Both twofold and threefold xylan chains are more rigid in the stem and leaf cell walls than in the seedling PCW, as manifested by the absence of its cross peaks in the J-INADEQUATE spectra. DIPSHIFT data (Figure ) further reveal that Xn2f is more rigid in the stem than in the leaf. It is noteworthy that almost every polysaccharide in the stem and leaf cell walls is more rigid than in the seedling PCW,[24] as shown by DIPSHIFT data and the loss of J-INADEQUATE peak intensities for the stem and leaf samples. The seedling PCW studied previously was mildly extracted to remove proteins and lipids.[24] However, since extraction removes more soluble and mobile chemical species than recalcitrant components, it is likely that all wall polysaccharides are inherently more immobilized in secondary cell walls than in PCWs.

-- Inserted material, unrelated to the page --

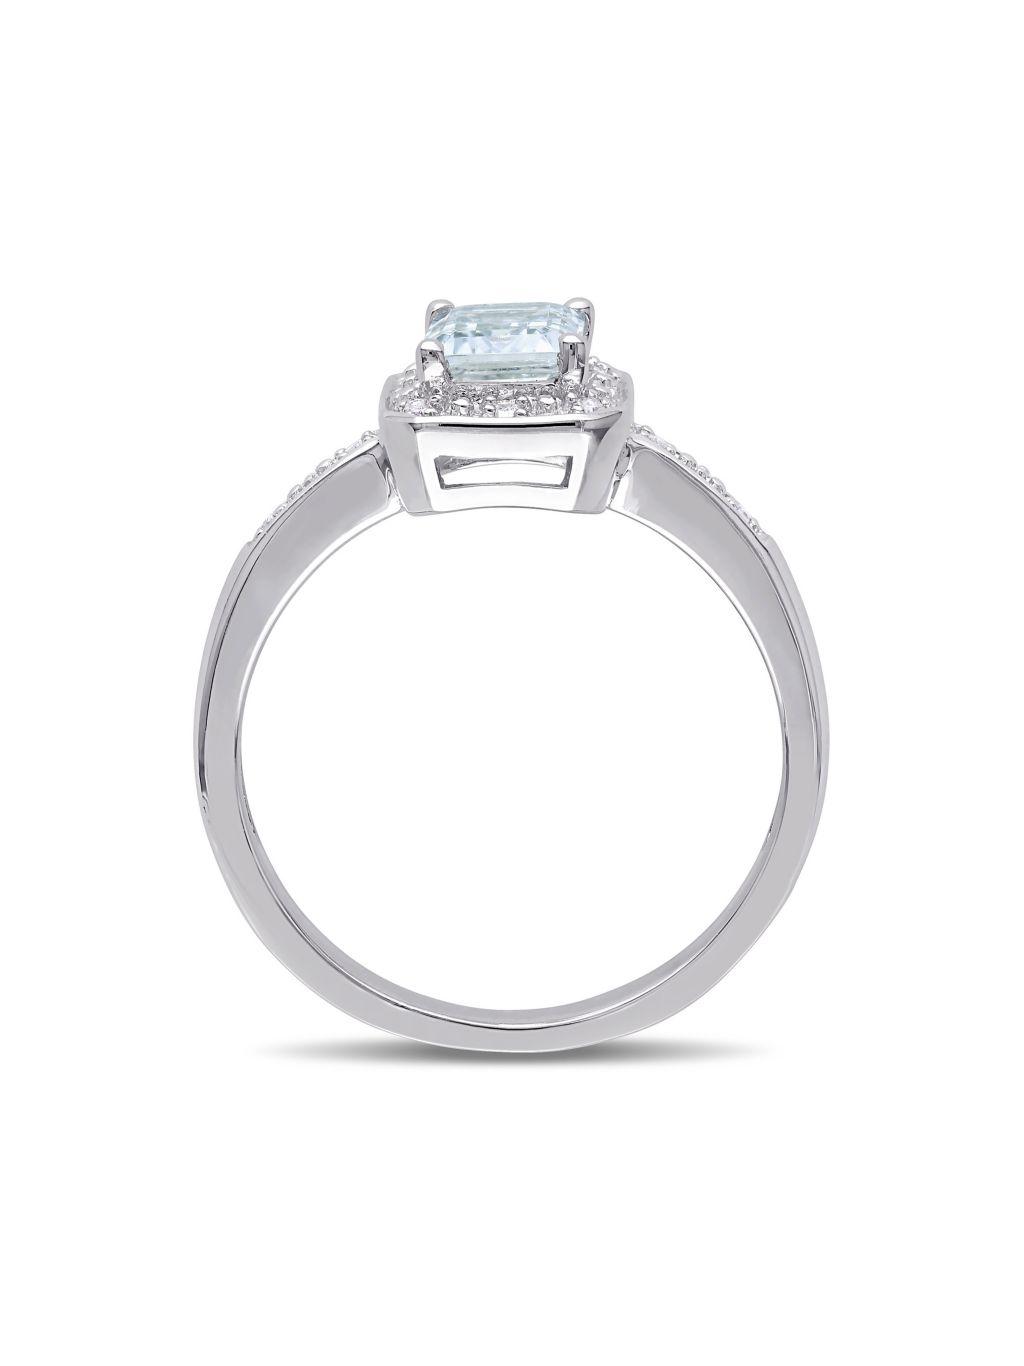 Sonatina Sterling Silver, Aquamarine & Diamond Solitaire Ring

The current comparisons of the chemical composition, dynamics, and interactions of polysaccharides in the Brachypodium stem and leaf whole cells lead to the following structural model of xylan’s role in promoting the secondary cell wall structure (Figure ). Compared to the leaf, the stem cell wall contains more cellulose and xylan, and the xylan chains are about 2 times more acetylated and 60% more ferulated. The ∼40% acetylation of Xn2f in the stem not only immobilizes the xylan chain, which explains the DIPSHIFT data and the J-INADEQUATE data, but more importantly, also increases xylan binding to cellulose in the stem compared to the less acetylated leaf cell wall. We propose that this increased xylan–cellulose interaction in turn bridges cellulose–lignin association, which is central to the formation of the thicker and more mature secondary cell wall. When the xylan acetylation level is low, as seen in the leaf cell wall, then GAX has less propensity to “zip up” into the twofold screw conformation to pack onto the cellulose surface. This may in turn inhibit the cellulose–lignin association that is necessary for secondary wall formation. Therefore, xylan acetylation may be a key chemical event in the formation and resulting structural characteristics of secondary cell walls.

Figure 8

Schematic models of the Brachypodium stem (a) and leaf (b) cell walls. The stem has a higher concentration of acetylated and ferulated Xn2f compared to the leaf cell wall. These acetylated Xn2f chains interact more strongly with cellulose fibrils and are more rigid in the stem than in the leaf cell wall. Xn3f chains are more disordered than Xn2f and reside mostly in the interfibrillar space.